Sarah also learns that she isn’t the only one suffering nightmares. Is this a true haunting since it’s recurred over the last 100 years?
One theory about such visitations is that they are tied to the site of an unsolved or unrectified death. That’s very much the case here, though I think I can say without giving too much away that what the spirit—if I can call it that—wants is not revenge, but a sort of fulfillment.
Is Bitterroot Lake the first in a series?
The book came about in a bit of an unusual way. My agent and I pitched a traditional mystery series, and got some interest, but Terri Bischoff at Crooked Lane thought the first in the series had the potential to be a standalone.

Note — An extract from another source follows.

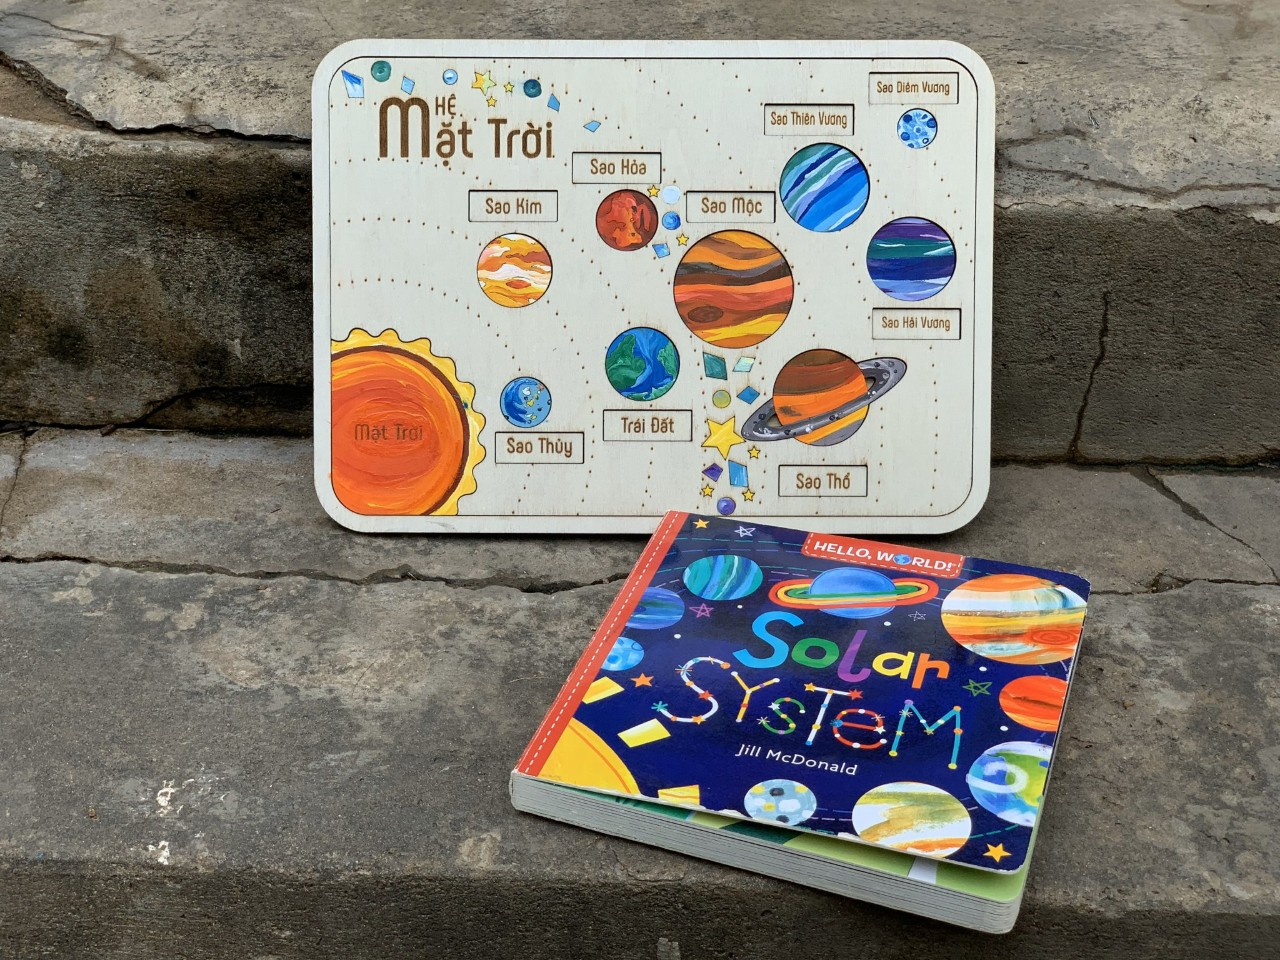 Solar System Bilingual Wooden Puzzle | GHÉP HÌNH HỆ MẶT TRỜI SONG NGỮ

I’d been very much interested in that, and after working with Terri at Midnight Ink, I trusted her judgment. Writing a standalone is different from writing a series—each decision, from setting to tone to subplots and more, can be made with just the one story in mind, and all the story questions need to be answered, since this is the one time your reader will meet these characters. And the tone and voice are different from my series books, which is probably why you didn’t recognize me as the author—I love that, by the way! So while the series potential exists, I have no plans for a series now.
What are you writing now?
I’m finishing edits for Carried to the Grave, a collection of Food Lovers’ Village short stories slated for summer; it includes a historical prequel set in 1910 featuring the contemporary protagonist’s great-grandparents. And I’m writing the next Spice Shop mystery, which should be out in spring 2022.
Thanks for having me here today, Elaine, and for great questions!